Rust makes this possible. You compile your Rust code into a native library and link it into your mobile projects. The mobile apps call into your Rust code through a Foreign Function Interface (FFI) layer. You write the heavy logic in Rust. Swift and Kotlin handle the UI. The result is a single source of truth for your core features.
The engine and the chassis
Rust compiles to native machine code. Android runs on Linux kernels. iOS runs on Darwin. They speak different assembly languages and have different calling conventions. You cannot drop a Rust binary into an Xcode project and expect it to work. You need to compile Rust specifically for each platform and then build a bridge so Swift and Kotlin can talk to your Rust code.
Think of Rust as a high-performance engine. Android and iOS are different car chassis. You cannot bolt the engine directly onto the chassis without a custom adapter plate. That adapter is the FFI layer. The engine provides the power. The adapter makes sure the spark plugs and fuel lines connect correctly.
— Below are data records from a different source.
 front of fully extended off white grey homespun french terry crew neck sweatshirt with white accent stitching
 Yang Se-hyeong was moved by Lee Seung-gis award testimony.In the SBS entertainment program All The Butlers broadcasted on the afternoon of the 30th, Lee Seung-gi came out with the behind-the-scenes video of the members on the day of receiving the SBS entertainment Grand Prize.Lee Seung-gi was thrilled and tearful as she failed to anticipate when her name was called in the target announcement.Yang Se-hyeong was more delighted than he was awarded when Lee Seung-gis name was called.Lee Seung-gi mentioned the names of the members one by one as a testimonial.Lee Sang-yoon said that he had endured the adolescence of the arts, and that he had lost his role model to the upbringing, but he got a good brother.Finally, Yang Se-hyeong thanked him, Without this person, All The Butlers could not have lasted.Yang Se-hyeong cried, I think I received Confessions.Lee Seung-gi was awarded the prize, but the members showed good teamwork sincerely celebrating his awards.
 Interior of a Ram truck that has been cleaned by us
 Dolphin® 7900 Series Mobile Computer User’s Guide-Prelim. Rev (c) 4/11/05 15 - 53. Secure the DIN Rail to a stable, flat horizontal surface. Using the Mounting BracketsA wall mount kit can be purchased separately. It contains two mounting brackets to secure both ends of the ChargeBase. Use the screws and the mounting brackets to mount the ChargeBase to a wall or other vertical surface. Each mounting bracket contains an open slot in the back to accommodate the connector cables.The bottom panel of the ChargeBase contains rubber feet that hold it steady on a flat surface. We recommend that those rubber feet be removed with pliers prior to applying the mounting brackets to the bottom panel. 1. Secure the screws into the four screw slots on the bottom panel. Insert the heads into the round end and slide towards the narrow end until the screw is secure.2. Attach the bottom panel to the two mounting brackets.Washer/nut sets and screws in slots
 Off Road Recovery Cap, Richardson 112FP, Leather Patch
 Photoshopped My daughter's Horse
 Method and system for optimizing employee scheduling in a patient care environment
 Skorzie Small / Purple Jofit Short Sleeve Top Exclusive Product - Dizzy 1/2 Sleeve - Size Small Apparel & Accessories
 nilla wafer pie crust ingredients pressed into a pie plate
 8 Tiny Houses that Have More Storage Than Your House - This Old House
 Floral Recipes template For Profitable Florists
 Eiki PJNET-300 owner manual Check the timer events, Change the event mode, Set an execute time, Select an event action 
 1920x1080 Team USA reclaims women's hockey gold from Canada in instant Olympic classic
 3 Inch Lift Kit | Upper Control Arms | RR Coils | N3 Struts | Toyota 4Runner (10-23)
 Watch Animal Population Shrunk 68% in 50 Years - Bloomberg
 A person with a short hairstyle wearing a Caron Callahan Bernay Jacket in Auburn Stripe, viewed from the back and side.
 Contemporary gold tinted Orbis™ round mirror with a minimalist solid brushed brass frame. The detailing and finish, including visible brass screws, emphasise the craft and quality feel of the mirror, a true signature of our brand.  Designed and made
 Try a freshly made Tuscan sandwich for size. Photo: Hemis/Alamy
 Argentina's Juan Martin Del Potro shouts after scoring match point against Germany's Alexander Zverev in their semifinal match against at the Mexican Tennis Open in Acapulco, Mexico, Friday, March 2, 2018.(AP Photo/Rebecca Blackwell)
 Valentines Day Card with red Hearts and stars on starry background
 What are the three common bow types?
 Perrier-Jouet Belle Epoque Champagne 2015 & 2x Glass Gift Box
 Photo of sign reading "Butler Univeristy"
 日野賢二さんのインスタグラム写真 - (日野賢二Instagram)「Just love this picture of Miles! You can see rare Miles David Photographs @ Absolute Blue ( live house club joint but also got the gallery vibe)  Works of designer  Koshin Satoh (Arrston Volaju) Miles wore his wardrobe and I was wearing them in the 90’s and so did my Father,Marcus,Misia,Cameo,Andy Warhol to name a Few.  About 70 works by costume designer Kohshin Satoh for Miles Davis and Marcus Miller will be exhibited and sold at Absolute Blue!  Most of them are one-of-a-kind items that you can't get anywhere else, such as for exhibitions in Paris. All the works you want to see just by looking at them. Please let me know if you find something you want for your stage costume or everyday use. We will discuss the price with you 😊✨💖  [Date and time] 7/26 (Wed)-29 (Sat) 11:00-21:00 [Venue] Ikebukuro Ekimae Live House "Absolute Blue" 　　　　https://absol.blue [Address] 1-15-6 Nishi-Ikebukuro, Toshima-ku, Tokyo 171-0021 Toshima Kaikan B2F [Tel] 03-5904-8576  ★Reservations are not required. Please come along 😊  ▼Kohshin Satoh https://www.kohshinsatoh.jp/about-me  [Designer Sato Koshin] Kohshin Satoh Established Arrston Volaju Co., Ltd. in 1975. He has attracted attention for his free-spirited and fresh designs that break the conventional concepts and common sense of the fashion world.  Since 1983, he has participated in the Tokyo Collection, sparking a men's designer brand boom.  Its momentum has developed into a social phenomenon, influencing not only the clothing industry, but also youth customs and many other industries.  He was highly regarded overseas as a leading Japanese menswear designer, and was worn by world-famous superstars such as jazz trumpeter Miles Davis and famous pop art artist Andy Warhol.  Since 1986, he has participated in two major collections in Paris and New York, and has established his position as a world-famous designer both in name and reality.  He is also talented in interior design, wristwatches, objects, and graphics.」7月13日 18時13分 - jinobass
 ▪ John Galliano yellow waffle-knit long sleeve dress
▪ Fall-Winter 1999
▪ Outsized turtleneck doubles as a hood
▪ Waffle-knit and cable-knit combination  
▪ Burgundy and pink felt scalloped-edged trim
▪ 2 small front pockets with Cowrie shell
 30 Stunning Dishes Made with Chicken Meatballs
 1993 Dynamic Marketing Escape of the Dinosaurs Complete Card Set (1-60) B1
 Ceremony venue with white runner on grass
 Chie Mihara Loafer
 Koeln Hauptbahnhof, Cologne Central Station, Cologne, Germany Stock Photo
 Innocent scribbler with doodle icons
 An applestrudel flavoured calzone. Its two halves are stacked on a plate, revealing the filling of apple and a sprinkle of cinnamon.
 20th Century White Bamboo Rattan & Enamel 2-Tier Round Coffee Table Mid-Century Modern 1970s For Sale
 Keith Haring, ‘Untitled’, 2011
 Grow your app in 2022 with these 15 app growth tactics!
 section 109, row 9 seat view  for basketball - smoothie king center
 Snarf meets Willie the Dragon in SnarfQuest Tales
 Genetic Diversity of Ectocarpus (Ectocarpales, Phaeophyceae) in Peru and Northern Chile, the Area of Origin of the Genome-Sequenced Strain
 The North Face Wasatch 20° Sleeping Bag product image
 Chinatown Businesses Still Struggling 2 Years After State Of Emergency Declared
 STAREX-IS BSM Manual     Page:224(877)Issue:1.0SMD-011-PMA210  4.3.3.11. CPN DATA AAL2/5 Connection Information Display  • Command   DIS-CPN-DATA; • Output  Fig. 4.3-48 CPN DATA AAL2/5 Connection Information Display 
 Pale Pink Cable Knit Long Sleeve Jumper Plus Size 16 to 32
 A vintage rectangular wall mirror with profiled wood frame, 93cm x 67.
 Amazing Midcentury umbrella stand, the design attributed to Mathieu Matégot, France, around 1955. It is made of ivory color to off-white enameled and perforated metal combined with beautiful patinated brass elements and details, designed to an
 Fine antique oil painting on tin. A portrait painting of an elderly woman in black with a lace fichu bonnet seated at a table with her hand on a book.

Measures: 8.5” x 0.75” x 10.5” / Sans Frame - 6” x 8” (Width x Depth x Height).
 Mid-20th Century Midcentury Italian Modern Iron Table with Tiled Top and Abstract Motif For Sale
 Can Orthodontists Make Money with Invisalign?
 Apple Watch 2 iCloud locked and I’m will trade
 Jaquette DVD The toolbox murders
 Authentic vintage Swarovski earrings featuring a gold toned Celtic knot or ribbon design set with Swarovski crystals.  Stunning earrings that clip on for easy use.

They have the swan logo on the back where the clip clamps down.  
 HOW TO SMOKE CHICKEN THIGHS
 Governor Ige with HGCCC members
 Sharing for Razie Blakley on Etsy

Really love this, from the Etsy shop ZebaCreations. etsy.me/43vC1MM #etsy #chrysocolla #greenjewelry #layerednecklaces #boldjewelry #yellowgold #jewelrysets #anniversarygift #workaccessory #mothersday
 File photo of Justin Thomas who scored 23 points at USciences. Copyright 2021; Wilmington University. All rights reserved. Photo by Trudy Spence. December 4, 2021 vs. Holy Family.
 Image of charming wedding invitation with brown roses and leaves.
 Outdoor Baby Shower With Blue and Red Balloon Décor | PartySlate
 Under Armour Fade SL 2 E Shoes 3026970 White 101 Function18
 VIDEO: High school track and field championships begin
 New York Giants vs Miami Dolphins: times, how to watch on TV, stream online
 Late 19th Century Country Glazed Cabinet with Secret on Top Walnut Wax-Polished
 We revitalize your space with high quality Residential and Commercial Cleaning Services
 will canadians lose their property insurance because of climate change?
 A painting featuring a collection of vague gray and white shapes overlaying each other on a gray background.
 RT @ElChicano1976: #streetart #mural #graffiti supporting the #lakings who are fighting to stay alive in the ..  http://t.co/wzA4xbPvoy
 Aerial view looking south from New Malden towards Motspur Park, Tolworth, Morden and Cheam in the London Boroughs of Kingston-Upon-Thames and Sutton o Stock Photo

Rust also needs to know which chassis it is building for. The compiler generates different instructions for an ARM processor on Android versus an ARM processor on iOS. These differences are captured in "target triples." A target triple tells the compiler the architecture, the vendor, the operating system, and the environment.
Start with a library crate
Mobile apps link against libraries, not executables. You need a Rust library crate to hold your shared logic. A library crate produces a .so file for Android and a .a or .framework for iOS.
Create the crate with the --lib flag. This sets up the project structure for a library.
cargo new --lib shared_logic
Convention aside: The community always uses library crates for mobile interop. Binary crates produce executables that mobile build systems cannot consume. Stick to --lib.
Add your Rust code to src/lib.rs. Keep the public API clean. The functions you expose are the contract between Rust and the mobile side.
// src/lib.rs
/// Adds two integers.
/// This function will be called from Kotlin or Swift.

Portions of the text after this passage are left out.